Increasing numbers of southeast Asian men, particularly in Japan, South Korea and Taiwan are marrying foreigners because fewer women in their homelands are willing to wed, a new study said yesterday.
The phenomenon, which dates back more than a decade, has even created a detectable trend in women’s migration, said the study by Daniele Belanger of the University of Western Ontario.
LOOKING ABROAD
“Since the beginning of the 1990s, more and more men in Southeast Asia are looking abroad to find a wife,” wrote Belanger in Population and Societies, the journal of France’s National Institute for Demographic Studies.
In Taiwan, 15 percent of wives were of foreign origin last year and 8 percent in South Korea.
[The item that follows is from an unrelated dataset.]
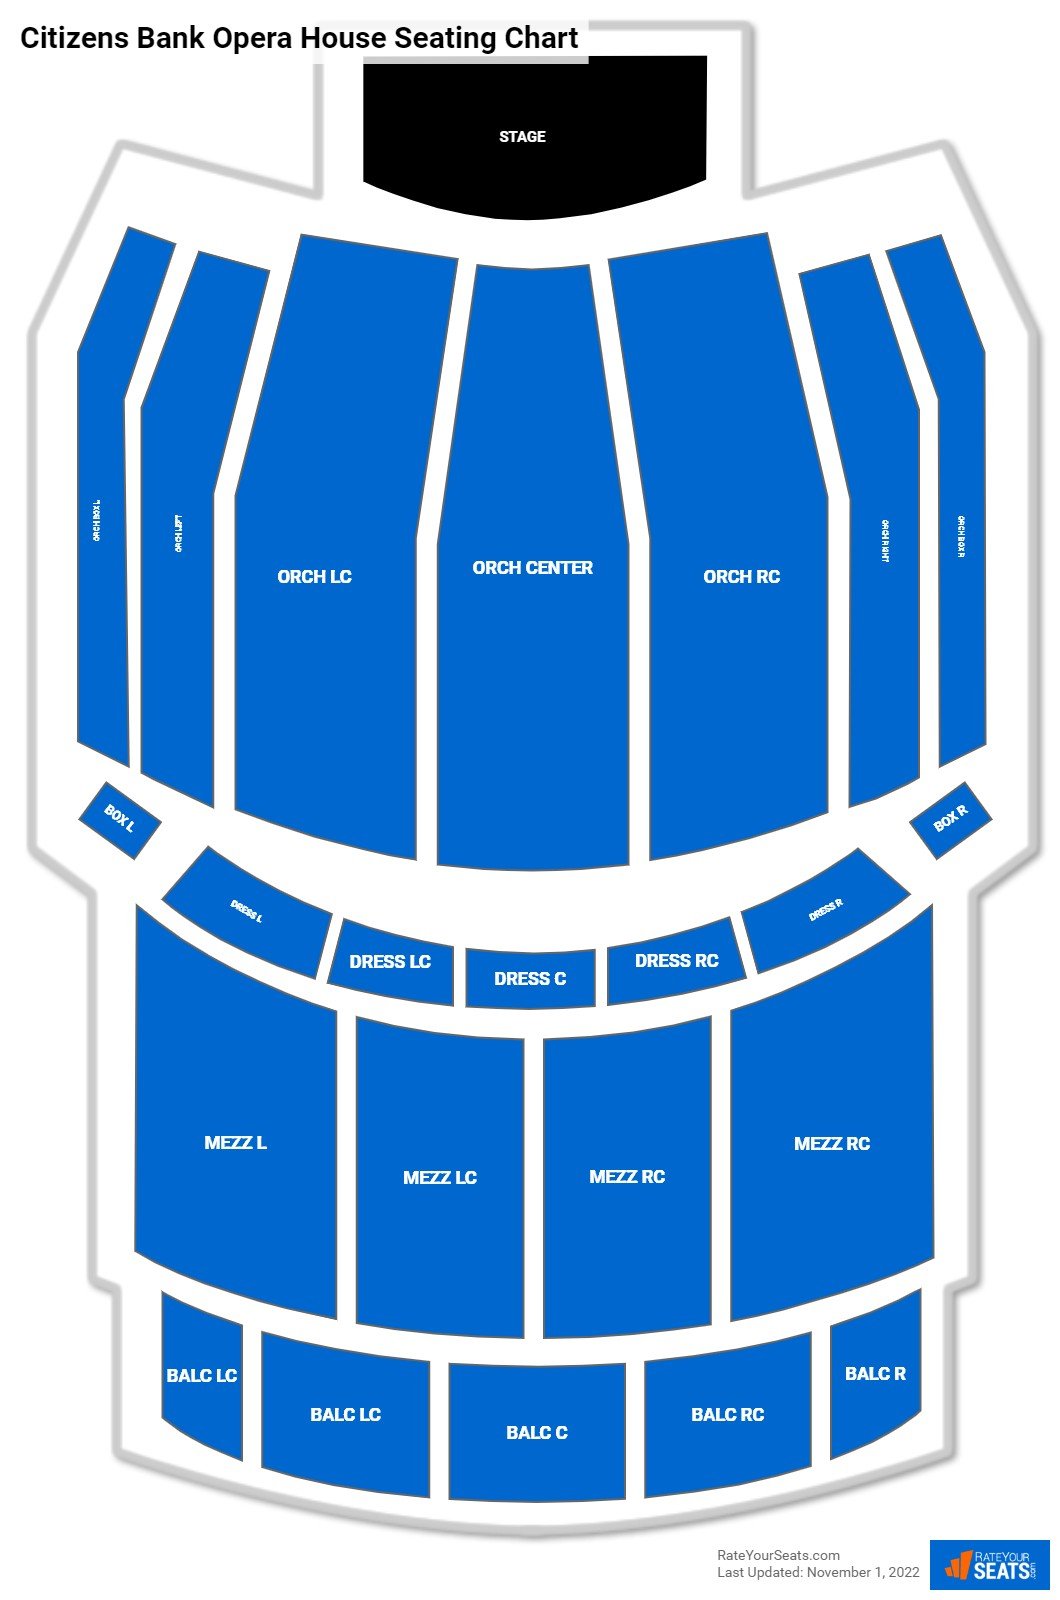 Citizens Bank Opera House Theater Seating Chart

In Japan, the phenomenon started earlier, in the 1980s, but has remained at a modest level: Only 5 or 6 percent of marriages in the mid-2000s involved foreign wives.
NEW TREND
But in all three places, foreign brides represented the largest group of new immigrants apart from the temporary workers, Belanger wrote. And the reason the men went looking abroad was the lack of women at home, she added.
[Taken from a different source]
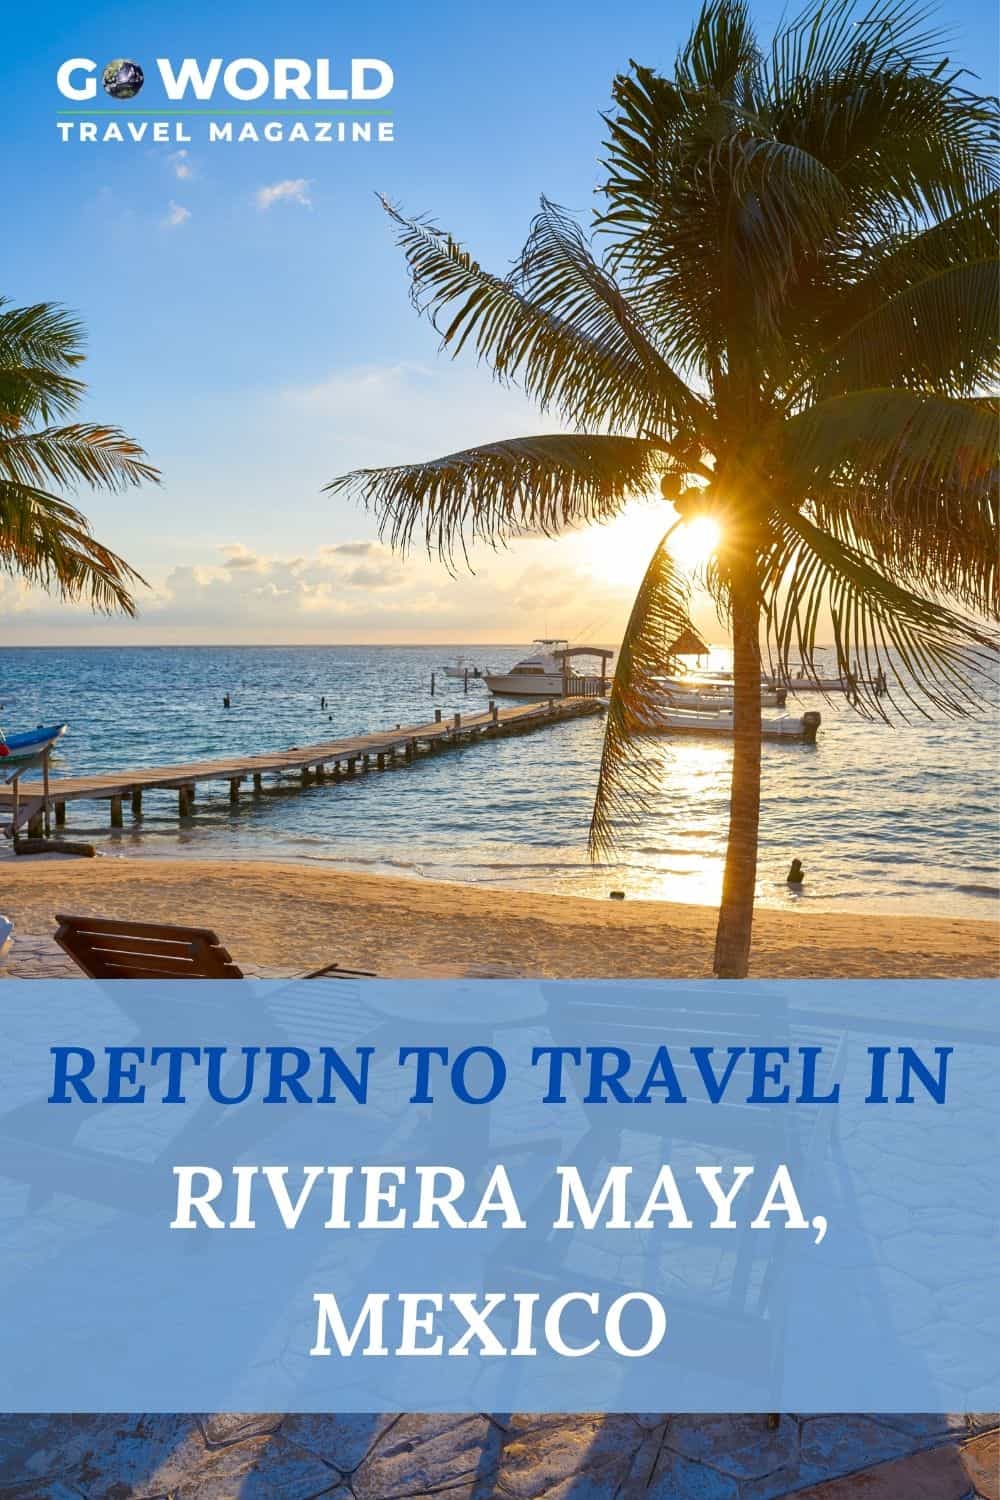 As the world starts to open up where is the best place to travel post pandemic? Read about a couple's recent experience in Riviera Maya, Mexico. #MexicoTravel #RivieraMaya #MexicoBeaches

With women’s education levels rising so was their representation in the workplace, she said.
SOCIETAL CHANGES
Increasing numbers of women were not willing to settle for the traditional role of a wife — at least as it exists in its current form. They preferred to keep their jobs and stay single.
For men, however, “they have the responsibility to continue the paternal line by giving birth to a son and, in many cases, looking after their aged parents,” Belanger wrote.
They could not therefore remain bachelors.
The foreign brides generally came from China and Vietnam, and if at first this kind of marriage was more common among the rural poor, it subsequently spread to the urban middle classes.
There were even marriage agencies specializing in this sector, charging the man’s family between 5,000 (US$6,500) and 10,000 euros.
Some observers have expressed fears that some of the brides involved are victims of trafficking.
However, “The great majority of migrant women marry of their own accord and not under parental pressure, and their objective is both to marry and to migrate,” Belanger wrote.